Installed on the surface or below ground, geotechnical sensors can be used to measure:
- Soil water levels
- Deformation in the form of settlement, heave and slip
- Stress states, etc.
Total safety for earthworks, excavations, foundations and operations
Earthworks, special foundations and subsurface contracting inevitably involve ground-related deformations that must be monitored.
Using geotechnical sensors to carry out this task provides control of geotechnical risks, and can contribute input to the process of optimising the dimensioning of subsurface structures.
Sensors installed during the earthworks project can be retained for long-term monitoring of cuttings and embankments, for example.
Geotechnical sensors are also useful for monitoring soil movement in terms of landslips, settlement, etc. They also contribute to causal diagnostics, deconsolidation risks and identifying any reinforcement work that may be required.
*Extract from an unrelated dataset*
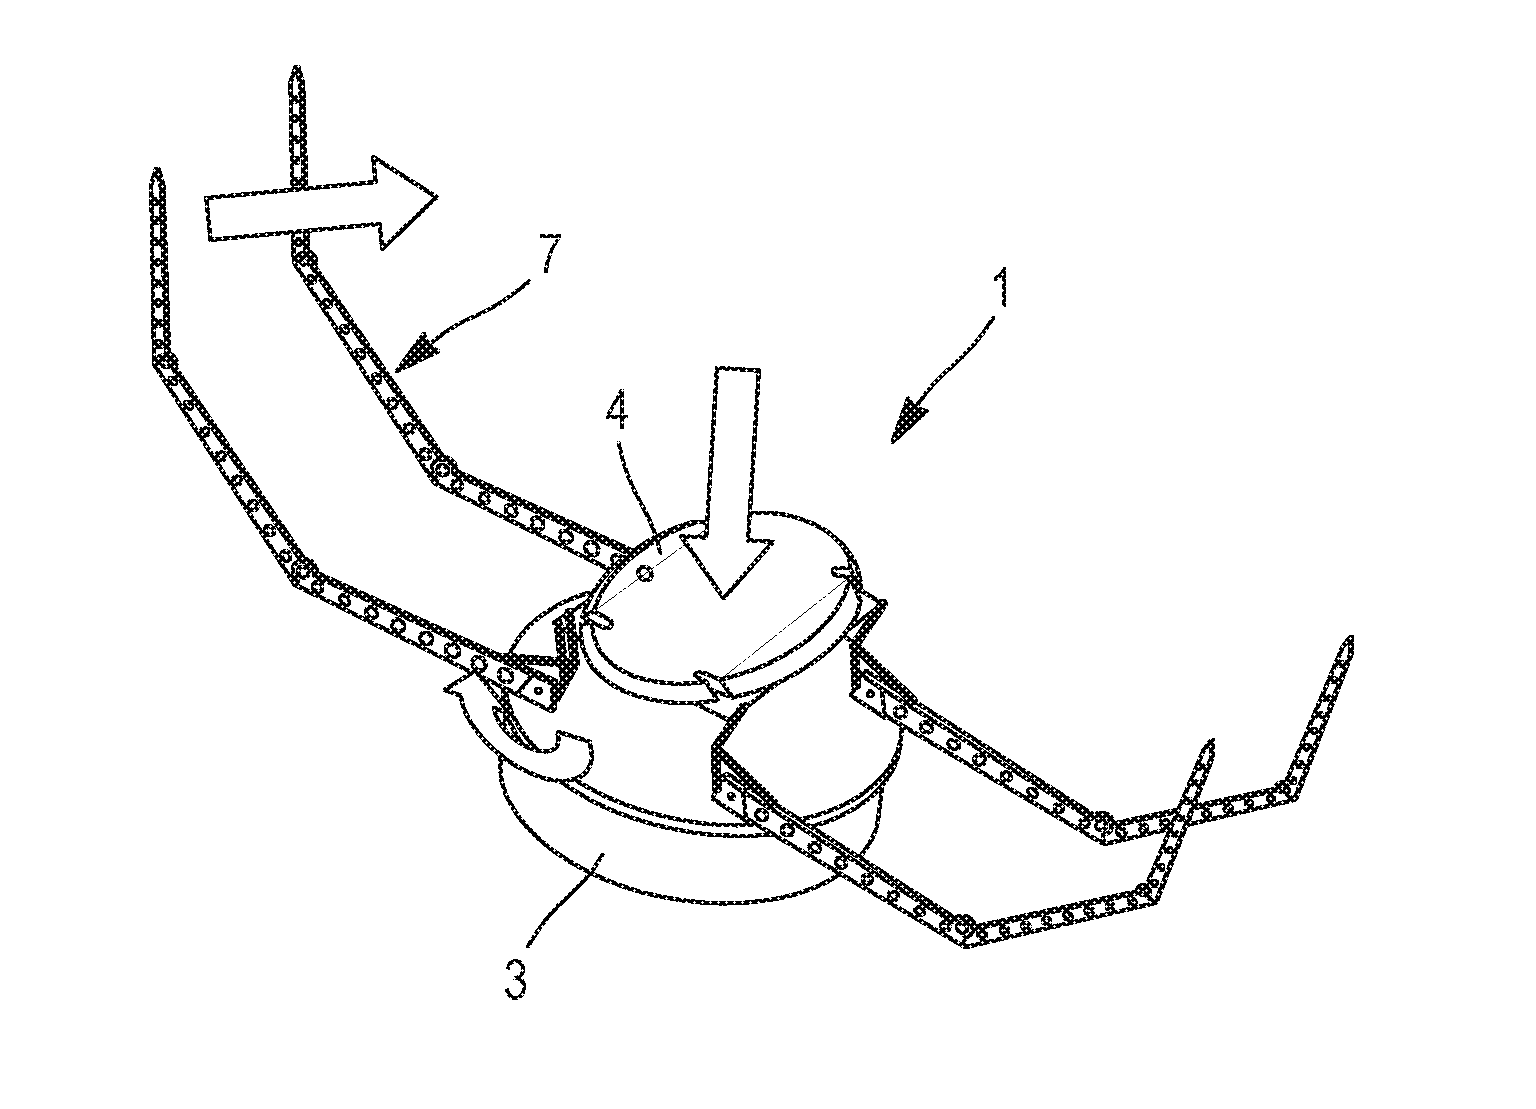 Device for sensing a space object, including a pressure element and at least two resealable elements on the space object

The range of geotechnical sensors includes:
- Sensors to measure soil water levels (piezometric sensors) and interstitial pressure (Interstitial Pressure Cells or IPCs)
- Inexpensive and easy to manufacture, piezometers can produce manual or automated readings
- Interstitial Pressure Cells (IPCs) provide crucial information on soil behaviour at predefined depths
- Ground deformation sensors
- Borehole extensometers provide millimetric measurements of ground layer deformation relative to the axis of the borehole. Borehole settlement gauges provide a less accurate, but also less expensive, version for use with larger scales of deformation
- Borehole inclinometers measure lateral deformation below ground with millimetric accuracy. They can be installed directly into the soil or in foundations (diaphragm walls, piles, etc.)
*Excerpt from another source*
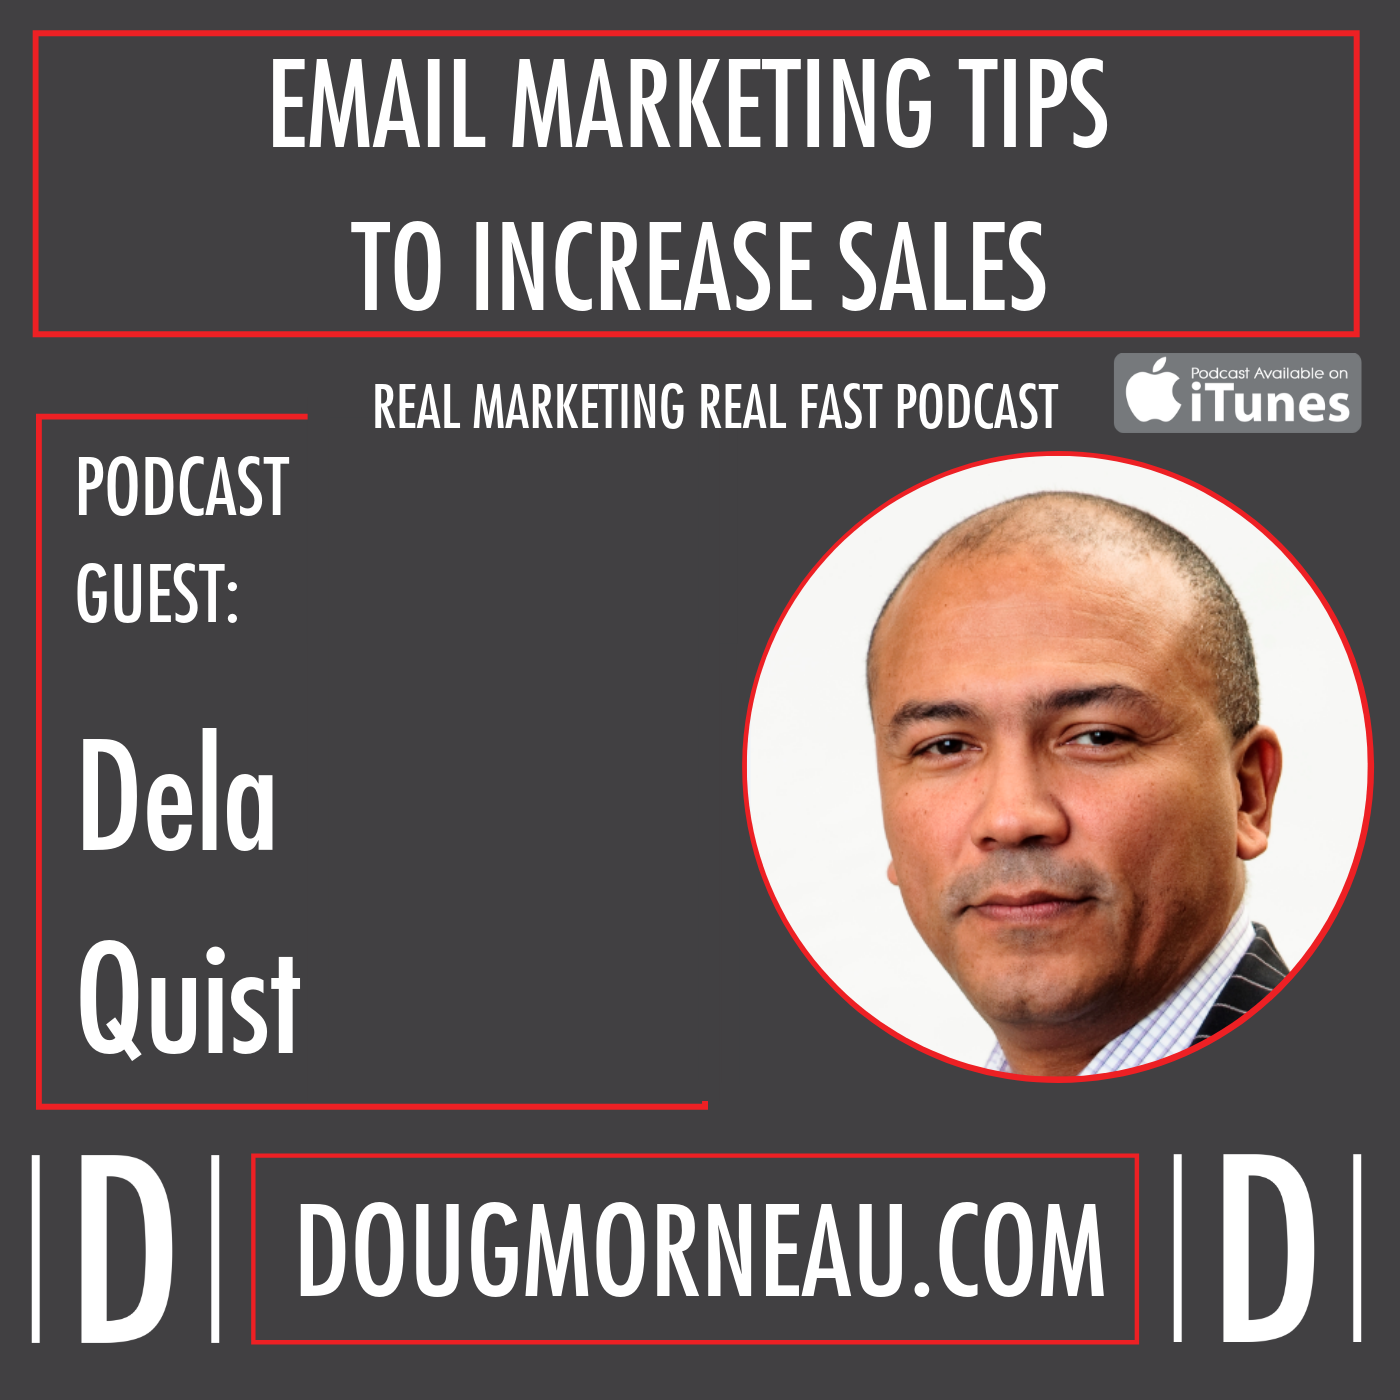 EMAIL MARKETING TIPS TO INCREASE SALES - DELA QUIST - DOUG MORNEAU - REAL MARKETING REAL FAST PODCAST

- A number of instruments are available for measuring settlement in embankments, and are often referred to collectively as embankment compaction meters
- Sensors for determining soil stress state are called Total Pressure Transducers (TPTs)
Installing geotechnical sensors allows you to:
- Control the geotechnical risks associated with your special foundation works and subsurface structures
- Understand soil behaviour as the basis for:
- Checking actual deformations rather than theoretical dimensions
- Optimising the process of dimensioning subsoil structures
- Managing geotechnical risks (e.g. landslips)
- Monitor the structural soil state over the long term (in embankments and cuttings, etc.)